Oren Ersin Emre, Tamerler Candan, Sahin Deniz, Hnilova Marketa, Seker Urartu Ozgur Safak, Sarikaya Mehmet, Samudrala Ram
Materials Science and Engineering Department, University of Washington, Seattle, USA.
Bioinformatics. 2007 Nov 1;23(21):2816-22. doi: 10.1093/bioinformatics/btm436. Epub 2007 Sep 17.
The discovery of solid-binding peptide sequences is accelerating along with their practical applications in biotechnology and materials sciences. A better understanding of the relationships between the peptide sequences and their binding affinities or specificities will enable further design of novel peptides with selected properties of interest both in engineering and medicine.

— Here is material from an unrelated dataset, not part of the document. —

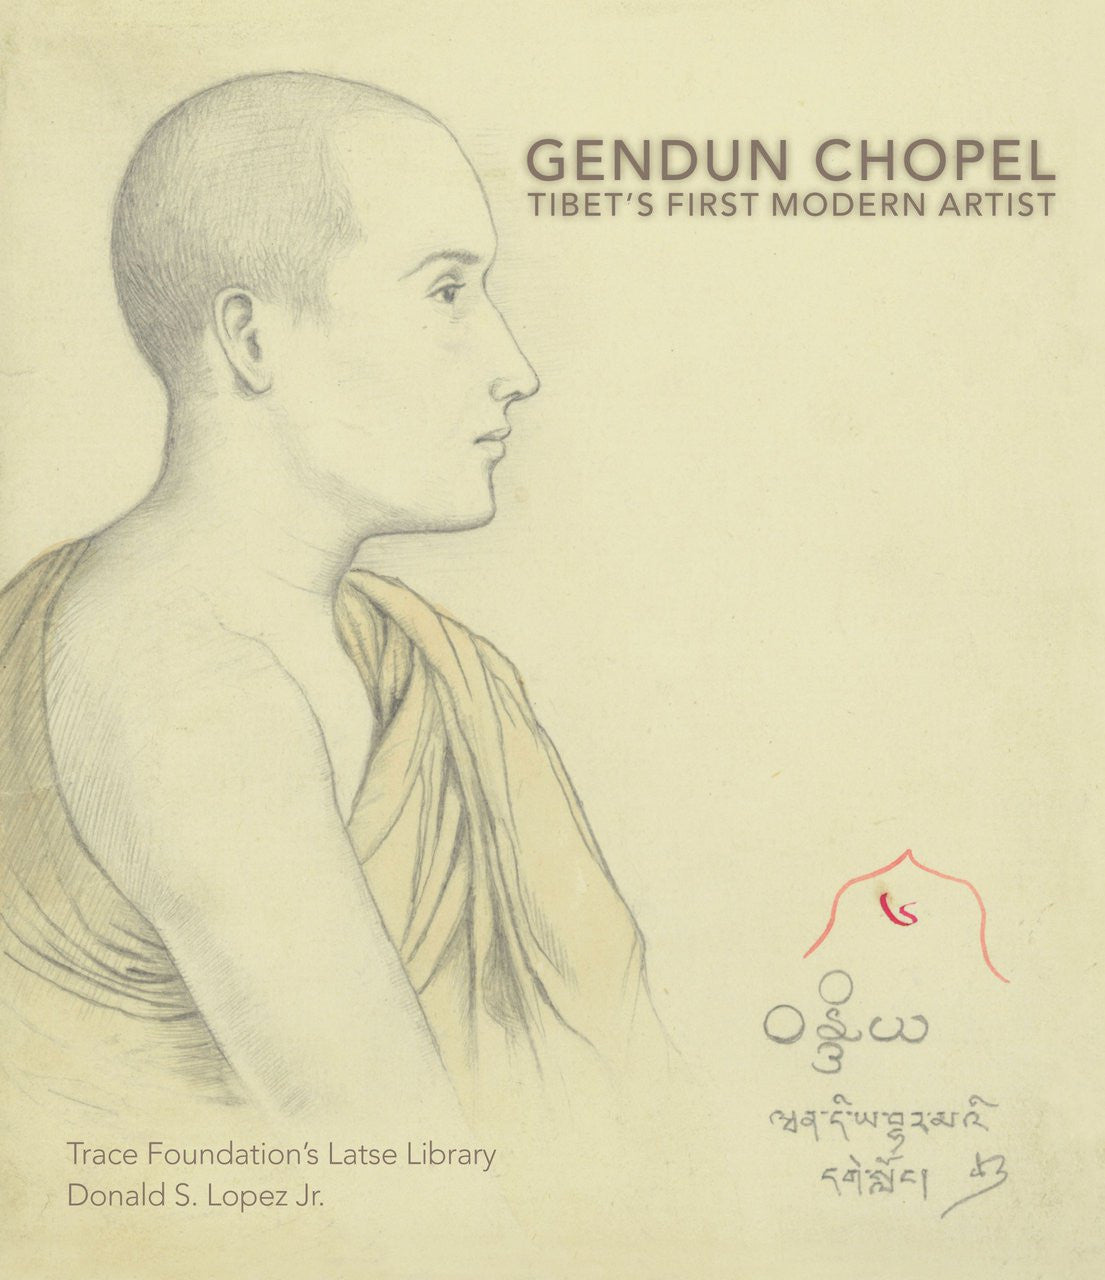 Gendun Chopel: Tibet's First Modern Artist, by Donald S. Lopez

A bioinformatics approach was developed to classify peptides selected by in vivo techniques according to their inorganic solid-binding properties. Our approach performs all-against-all comparisons of experimentally selected peptides with short amino acid sequences that were categorized for their binding affinity and scores the alignments using sequence similarity scoring matrices. We generated novel scoring matrices that optimize the similarities within the strong-binding peptide sequences and the differences between the strong- and weak-binding peptide sequences. Using the scoring matrices thus generated, a given peptide is classified based on the sequence similarity to a set of experimentally selected peptides. We demonstrate the new approach by classifying experimentally characterized quartz-binding peptides and computationally designing new sequences with specific affinities. Experimental verifications of binding of these computationally designed peptides confirm our predictions with high accuracy. We further show that our approach is a general one and can be used to design new sequences that bind to a given inorganic solid with predictable and enhanced affinity.
随着固相结合肽序列在生物技术和材料科学中的实际应用不断加速,对其发现也越来越多。更好地理解肽序列与其结合亲和力或特异性之间的关系,将有助于在工程和医学领域进一步设计出具有特定感兴趣特性的新型肽。
开发了一种生物信息学方法,根据其无机固相结合特性对通过体内技术筛选出的肽进行分类。我们的方法对实验选择的短氨基酸序列肽进行全对全比较,根据其结合亲和力对这些序列进行分类,并使用序列相似性评分矩阵对序列比对进行评分。我们生成了新的评分矩阵,以优化强结合肽序列内的相似性以及强结合与弱结合肽序列之间的差异。使用由此生成的评分矩阵,根据与一组实验选择肽的序列相似性对给定肽进行分类。我们通过对实验表征的石英结合肽进行分类并通过计算设计具有特定亲和力的新序列来展示这种新方法。这些通过计算设计的肽的结合实验验证以高精度证实了我们的预测。我们进一步表明,我们的方法具有通用性,可用于设计以可预测且增强的亲和力与给定无机固体结合的新序列。